* **Assignment**
Could the listing below be returned exactly, with its pictures left out?

* **Provided material**
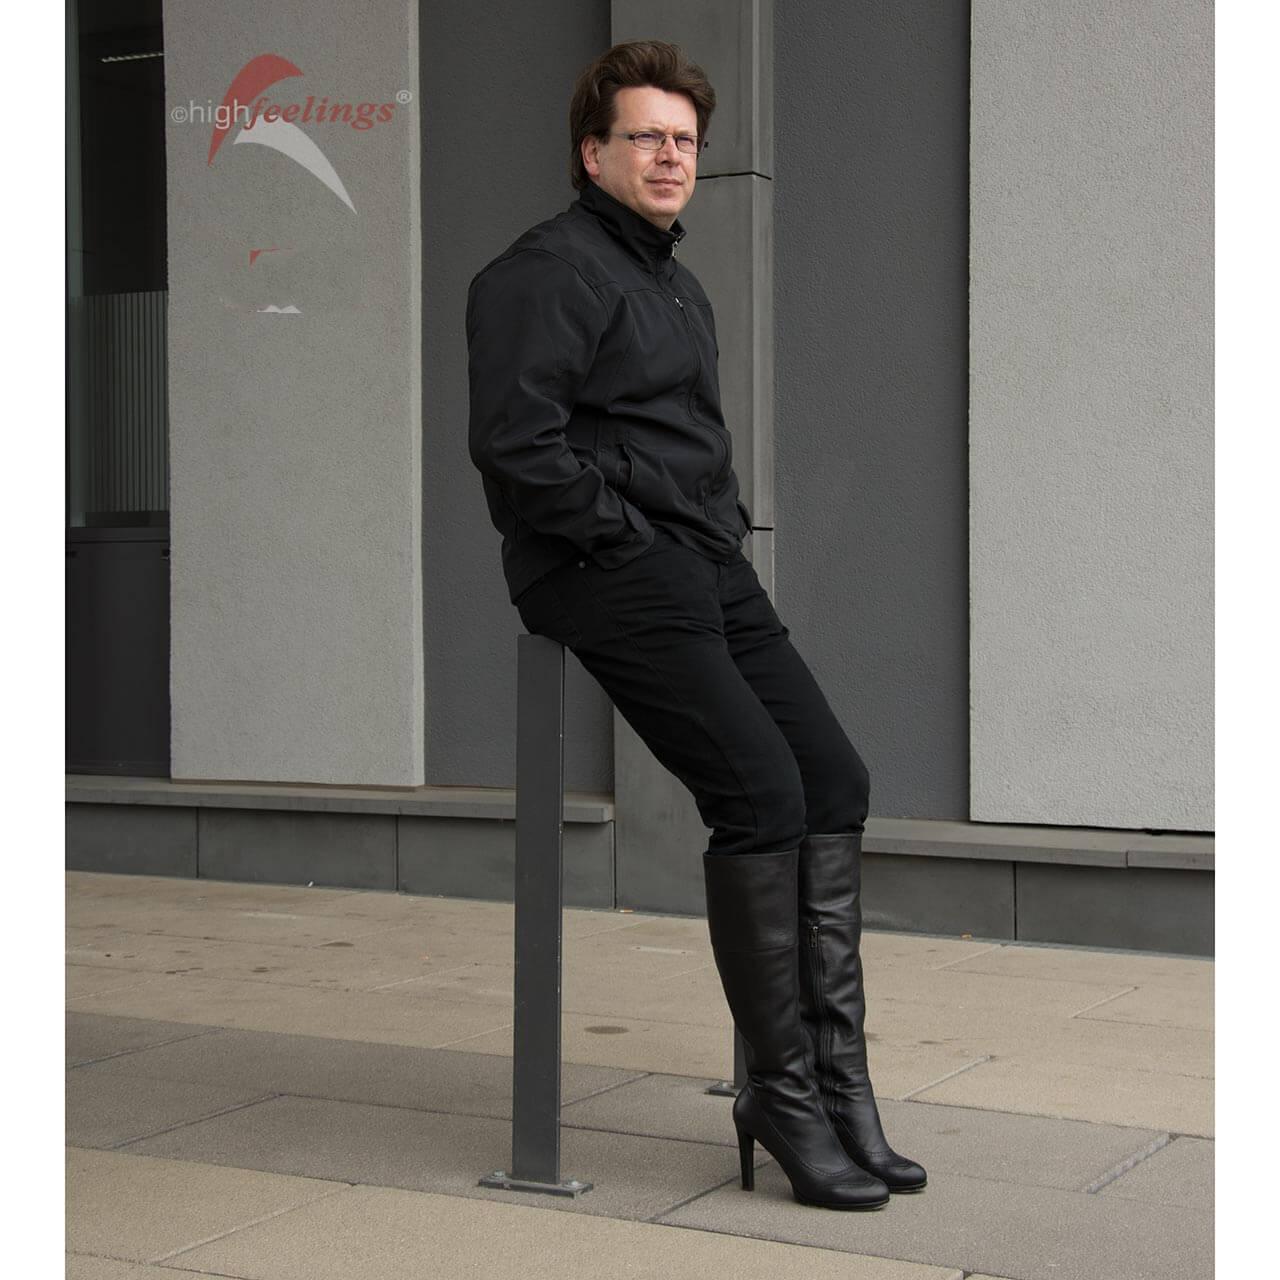 new style c9ba0 caee7 Stiefel mit hohem Absatz für Männer | high feelings
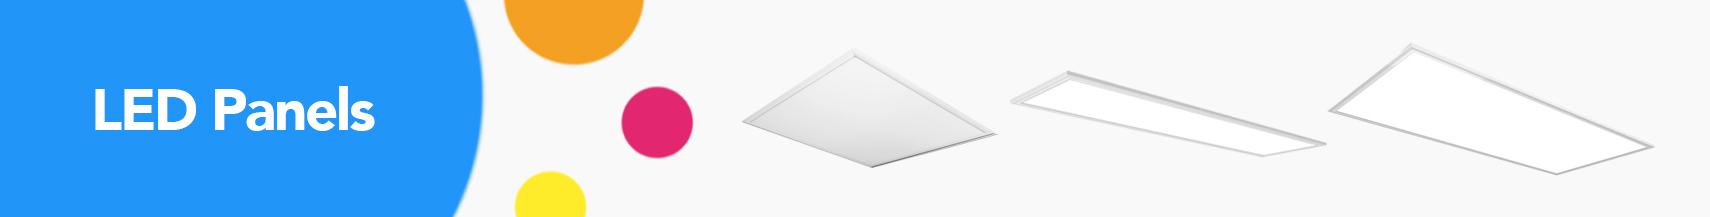 led_panels
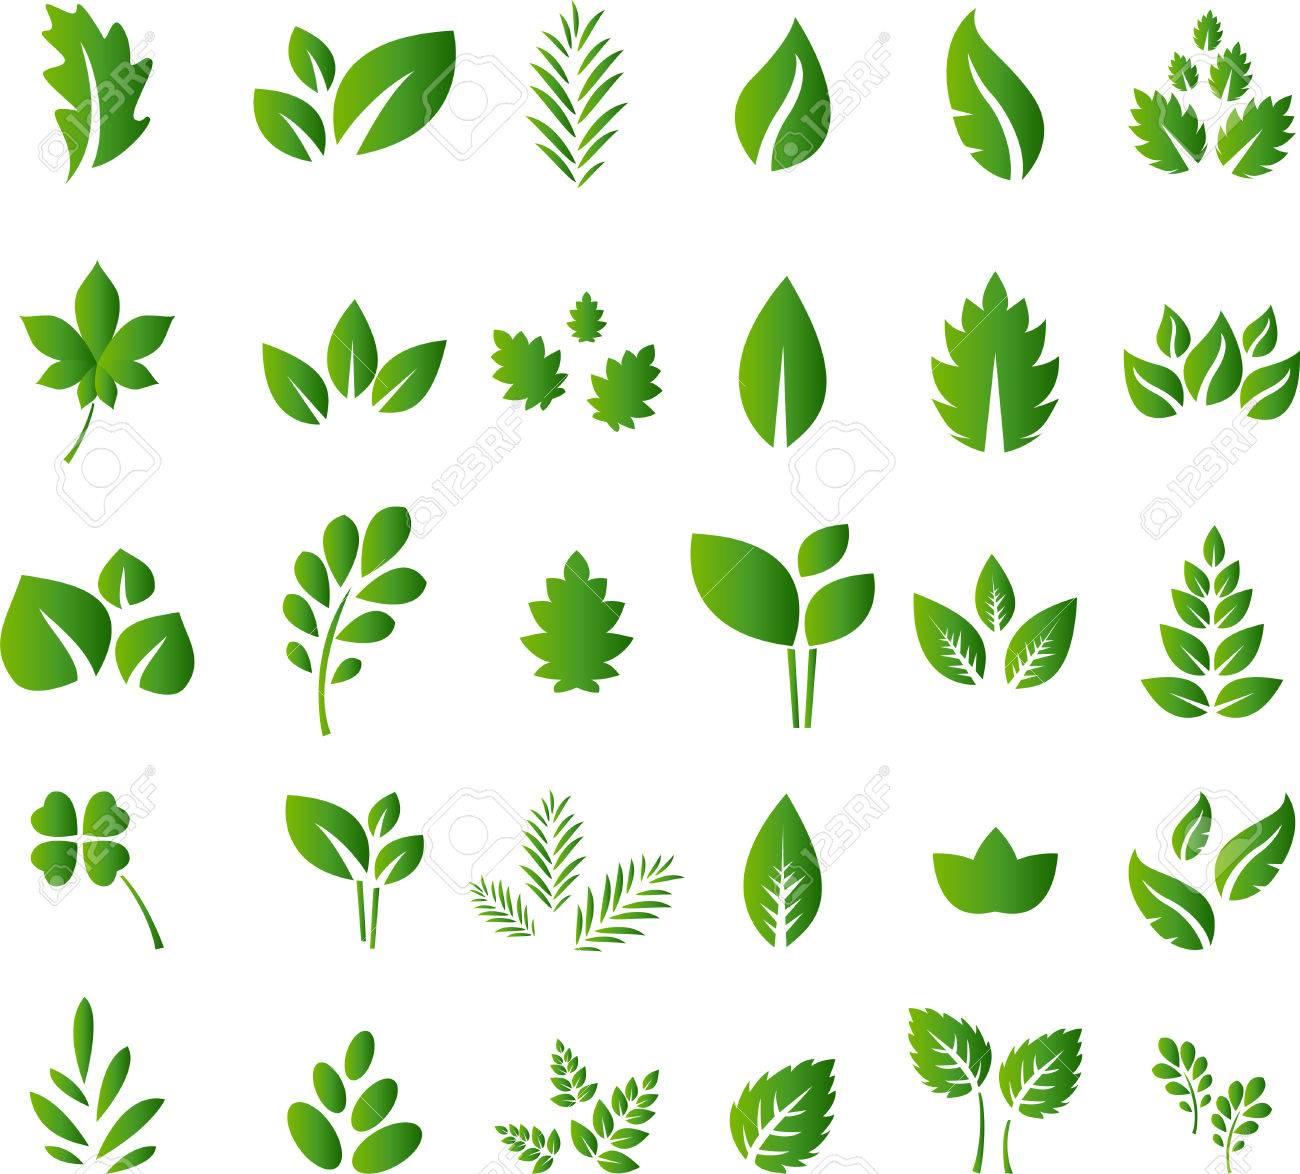 Set of green leaves design elements for you design - 41504123

* **Written solution**
 new style c9ba0 caee7 Stiefel mit hohem Absatz für Männer | high feelings
 led_panels
 Set of green leaves design elements for you design - 41504123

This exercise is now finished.